▶ **What the task asks**: From the first line to the last, repeat the data exactly and drop the pictures.

▶ **Given information**:

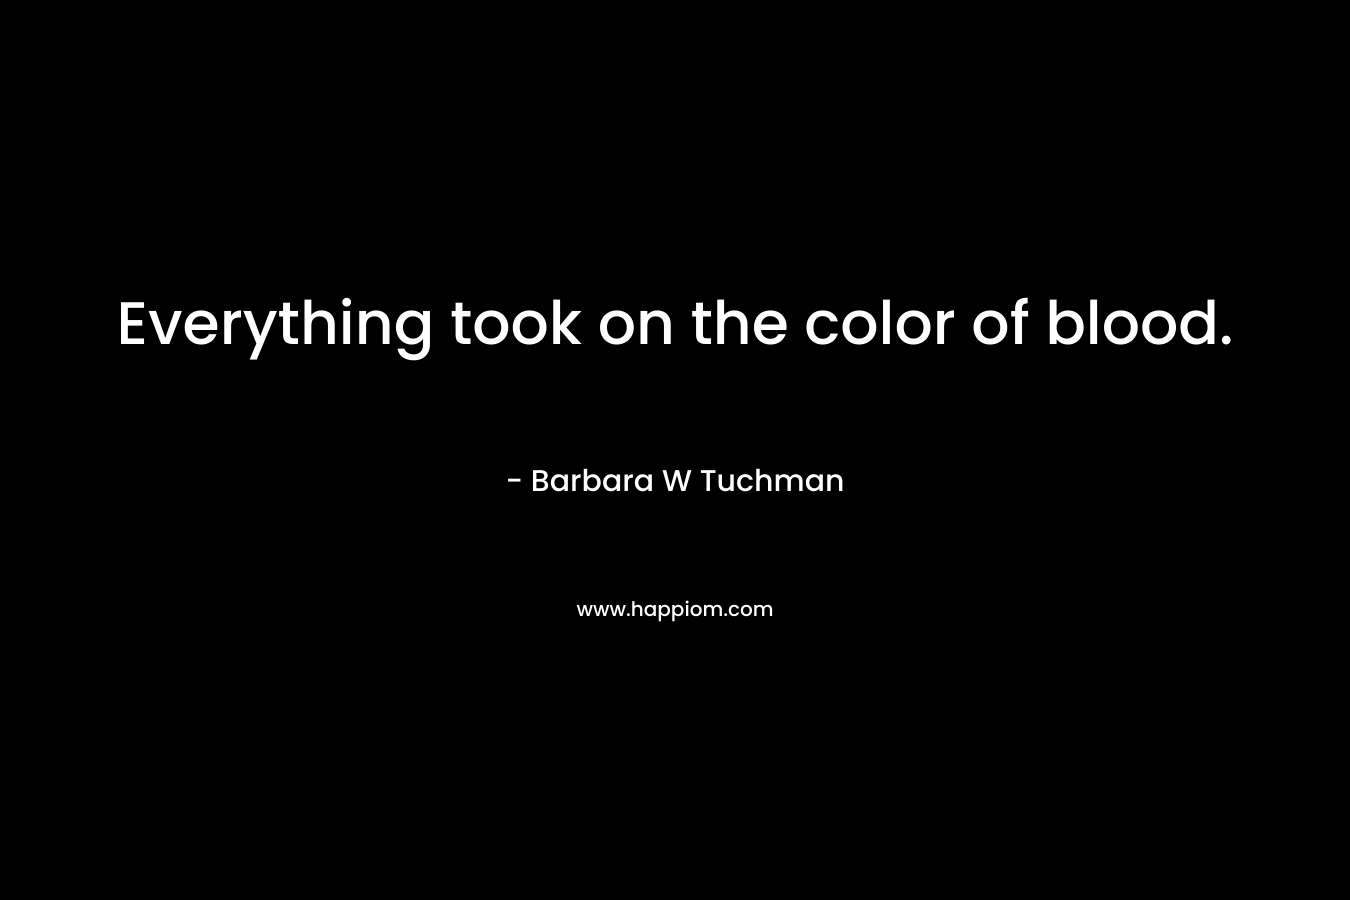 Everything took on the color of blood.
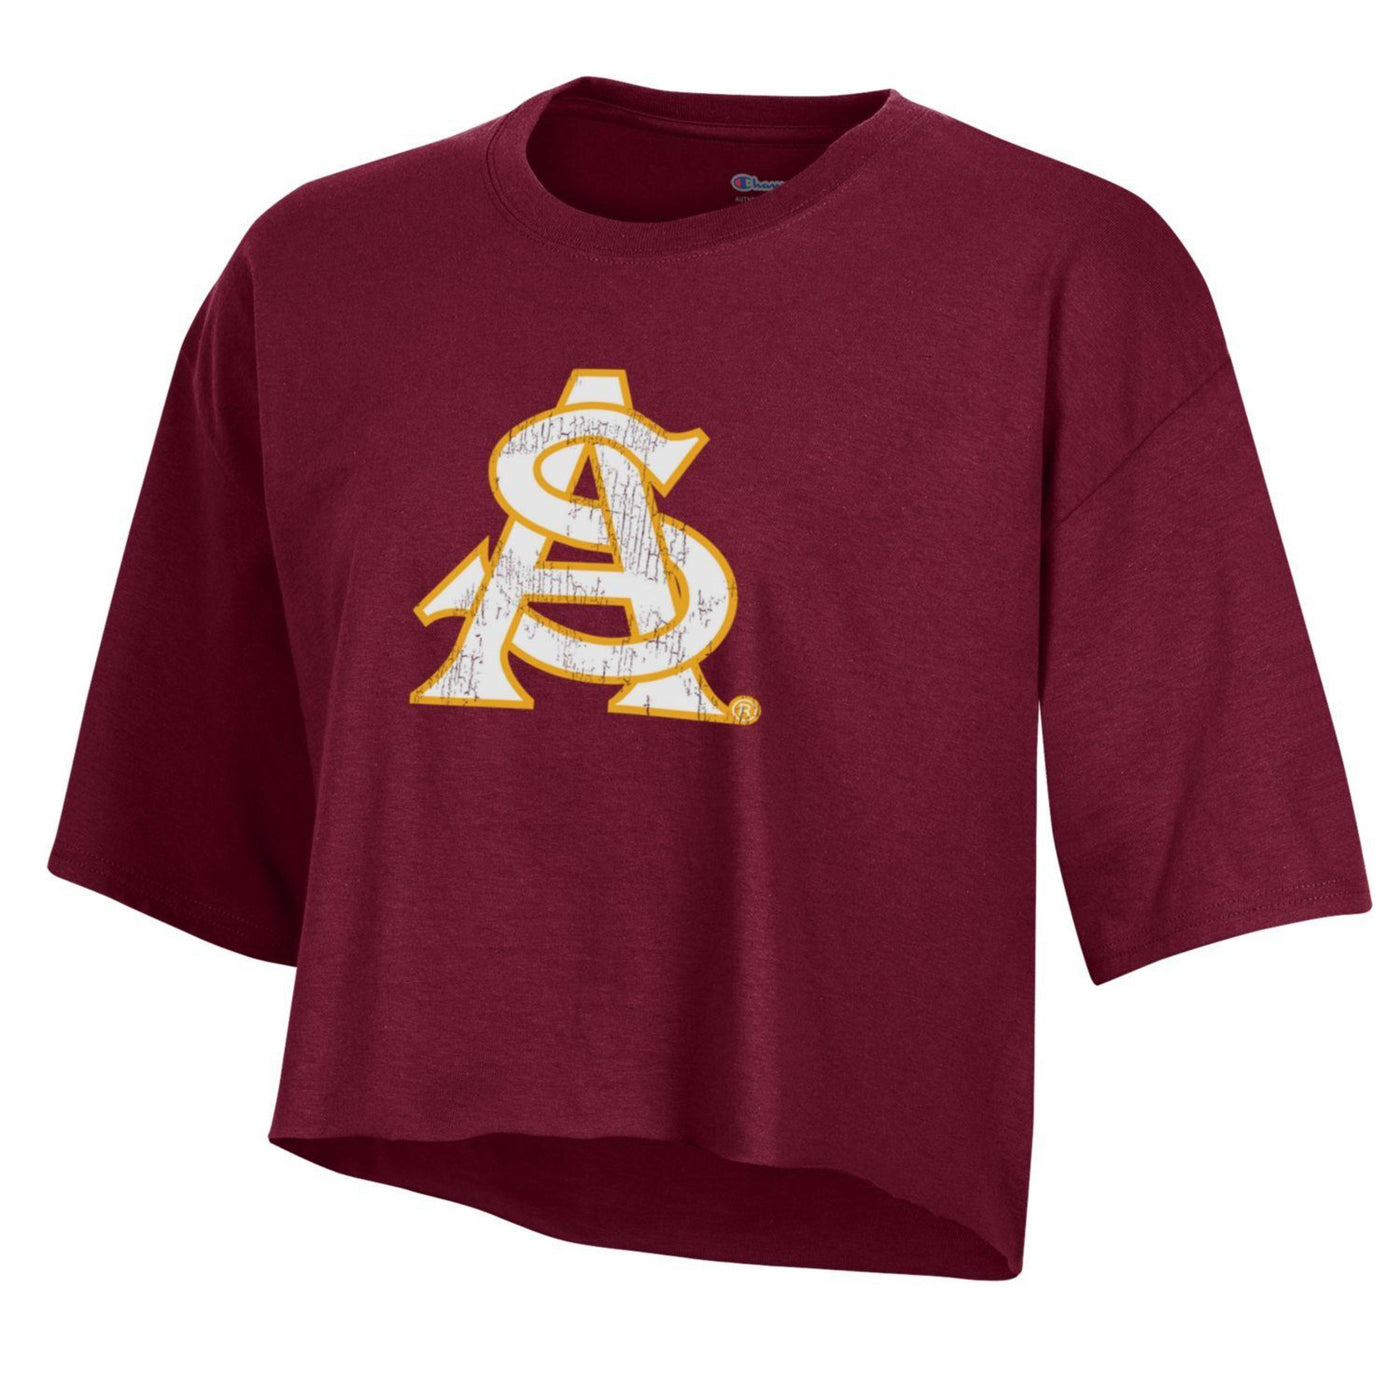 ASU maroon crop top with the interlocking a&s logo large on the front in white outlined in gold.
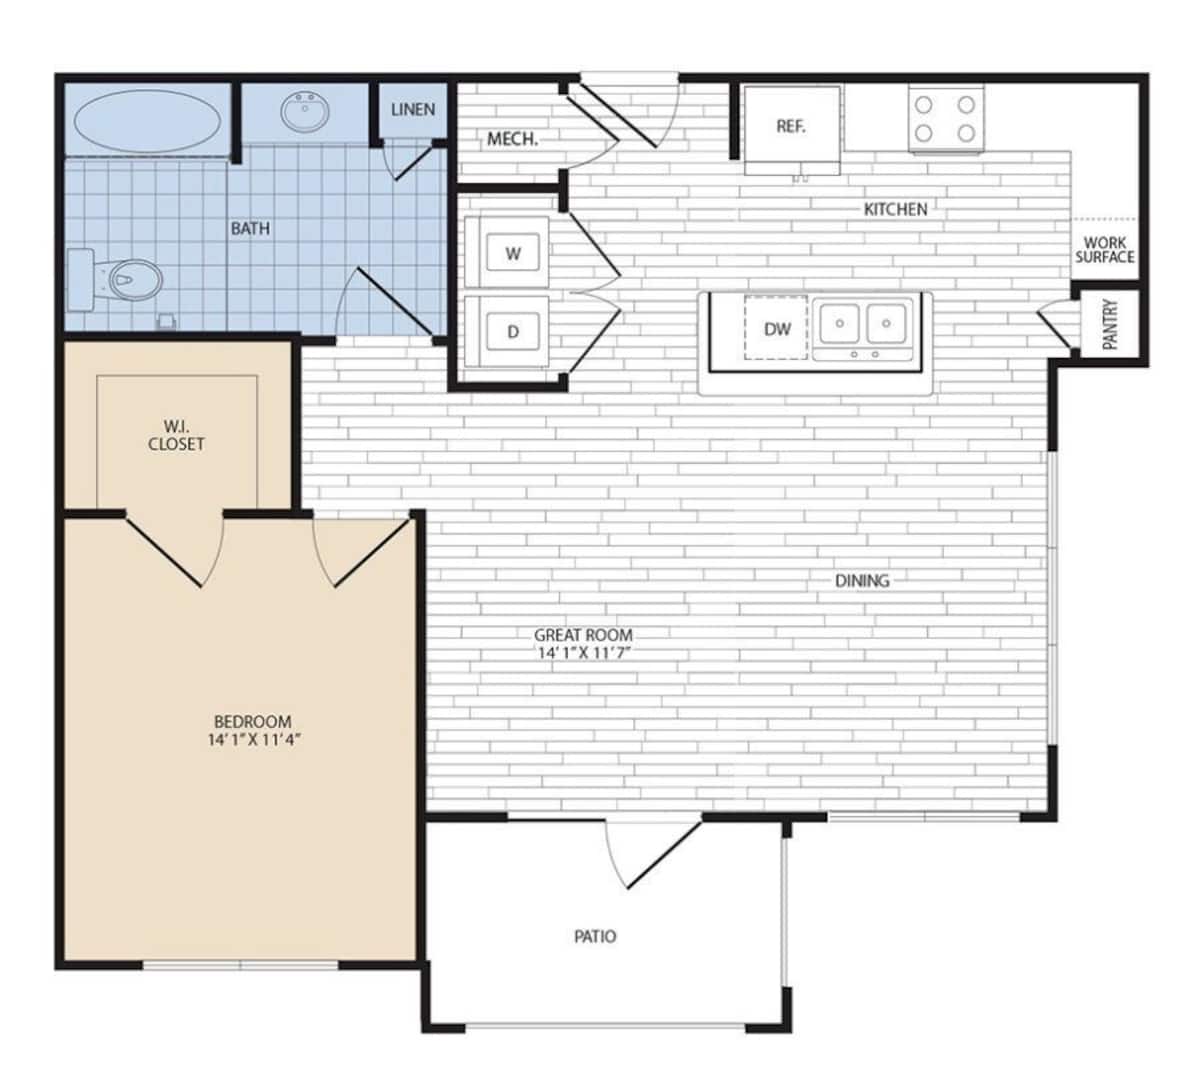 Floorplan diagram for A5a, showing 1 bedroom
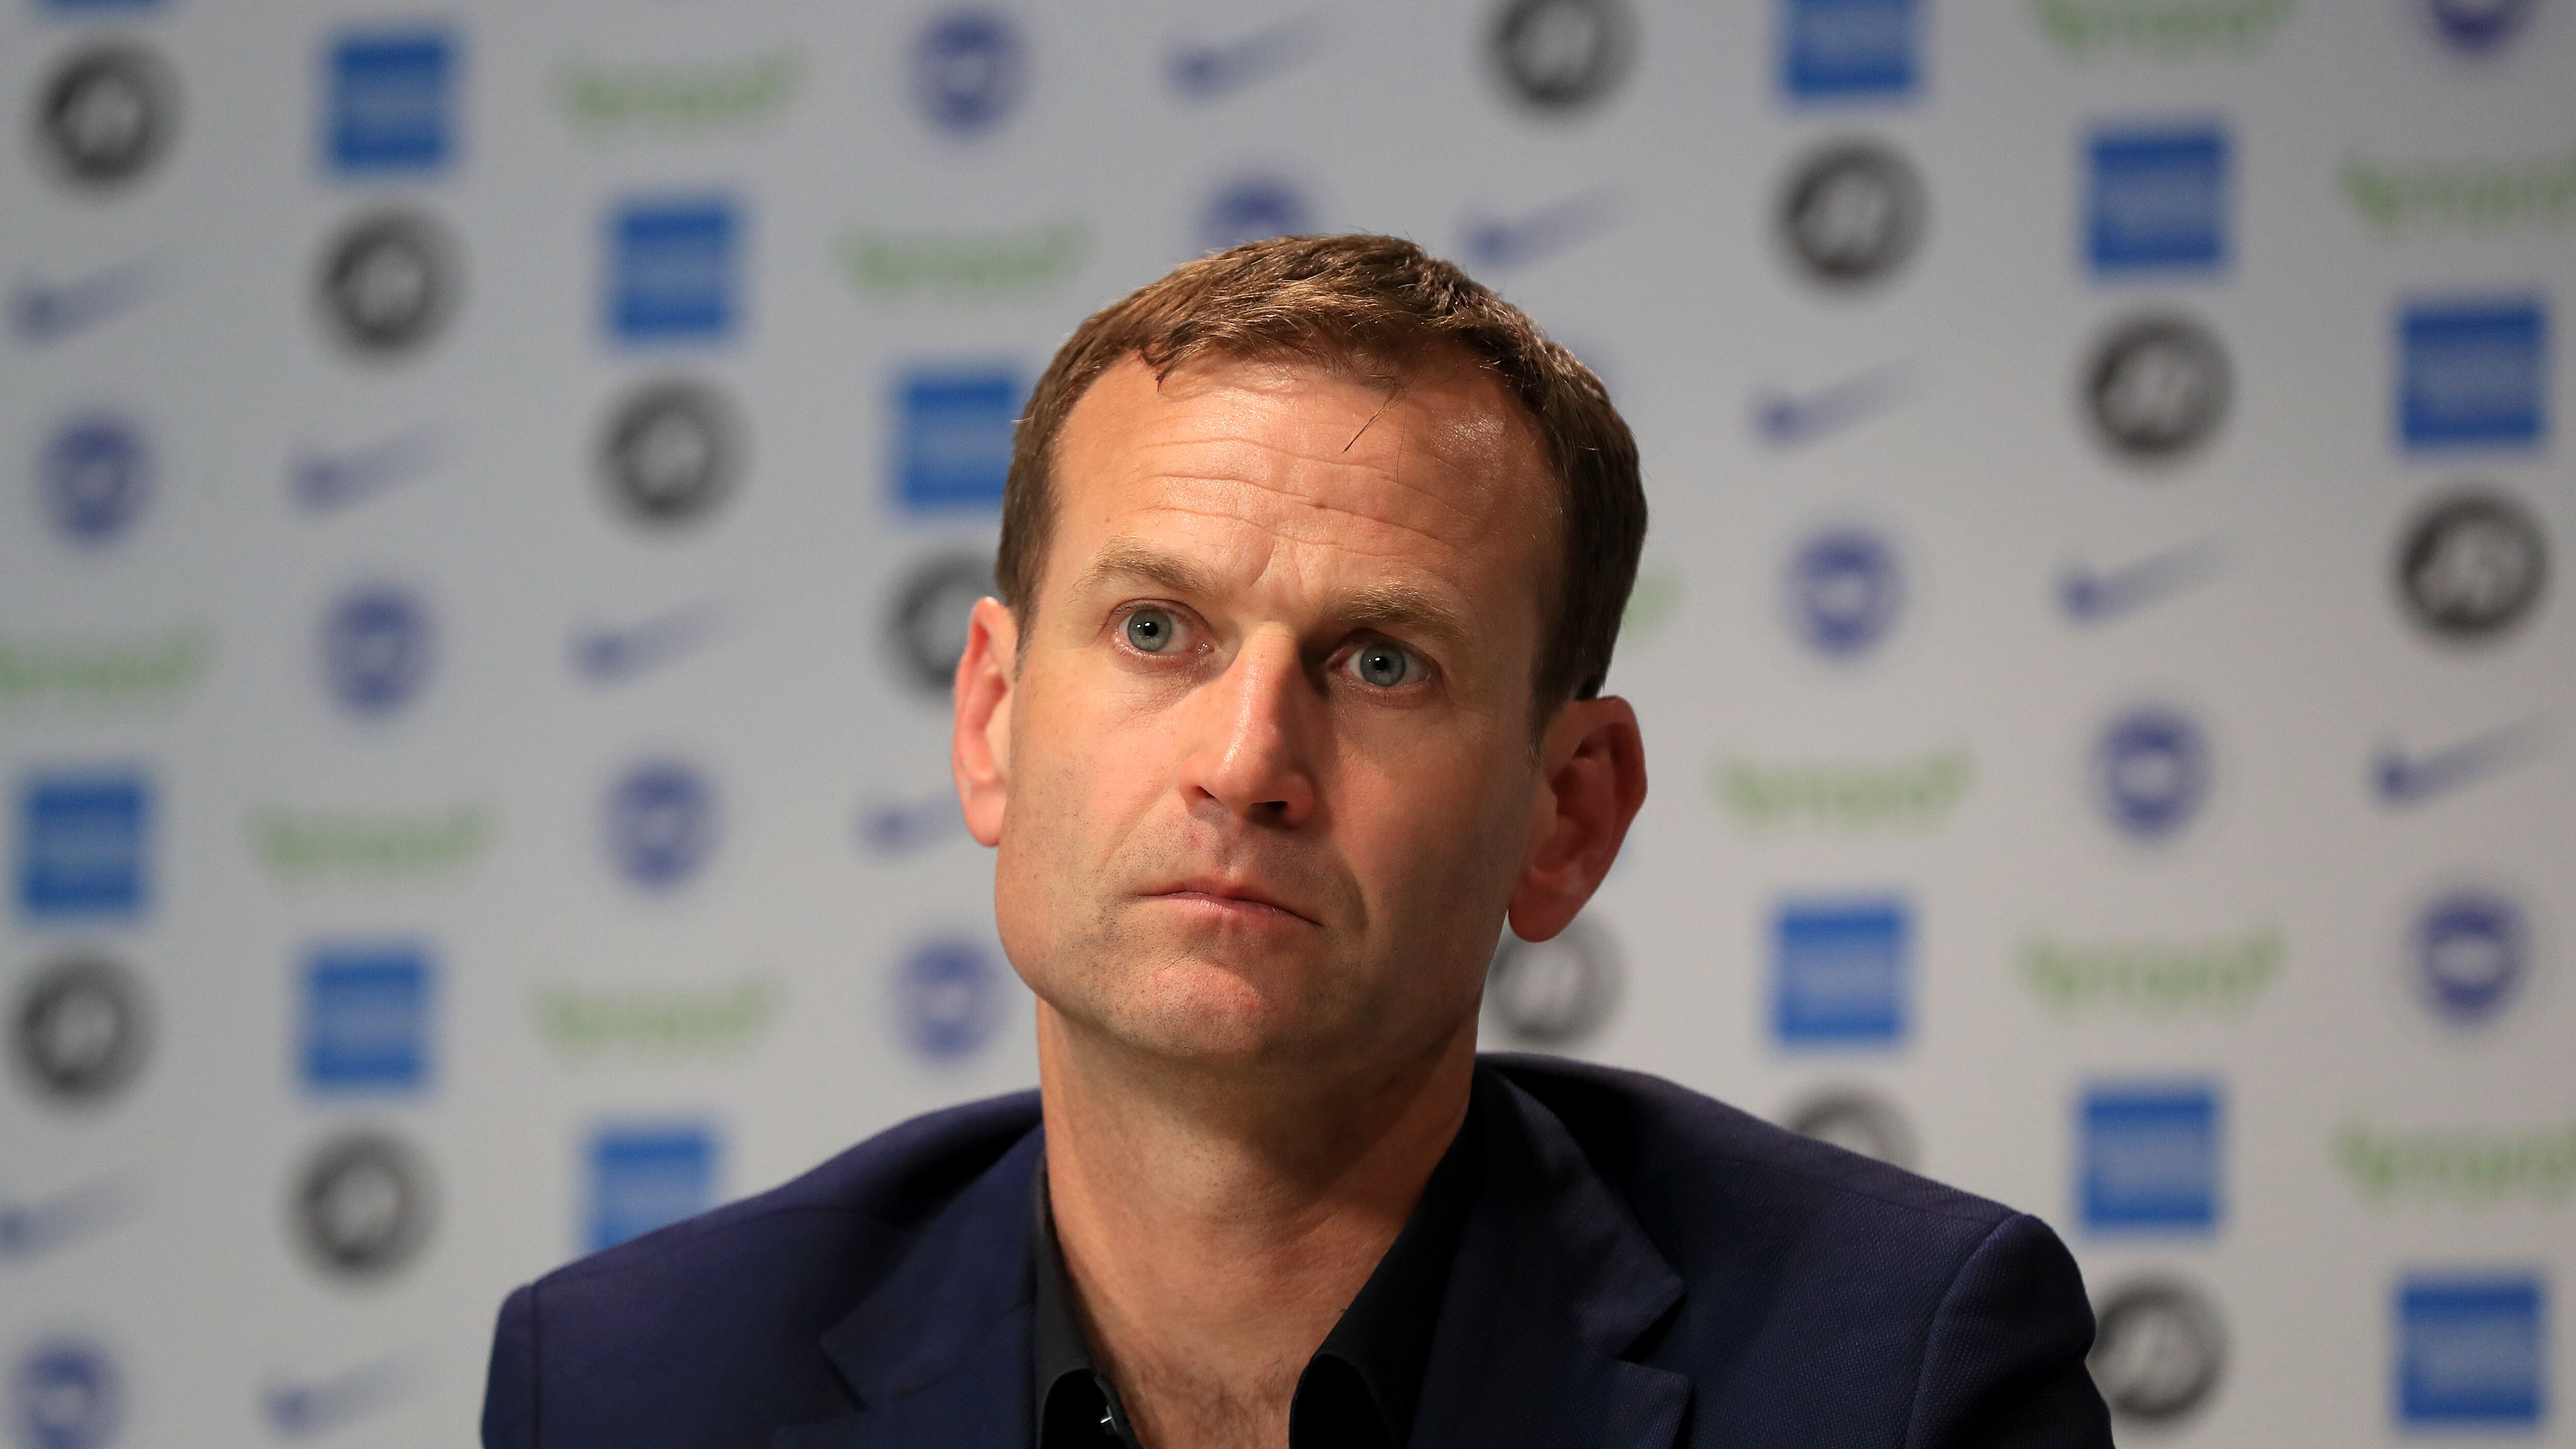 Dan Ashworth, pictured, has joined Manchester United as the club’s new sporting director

▶ **Expected output**:
 Everything took on the color of blood.
 ASU maroon crop top with the interlocking a&s logo large on the front in white outlined in gold.
 Floorplan diagram for A5a, showing 1 bedroom
 Dan Ashworth, pictured, has joined Manchester United as the club’s new sporting director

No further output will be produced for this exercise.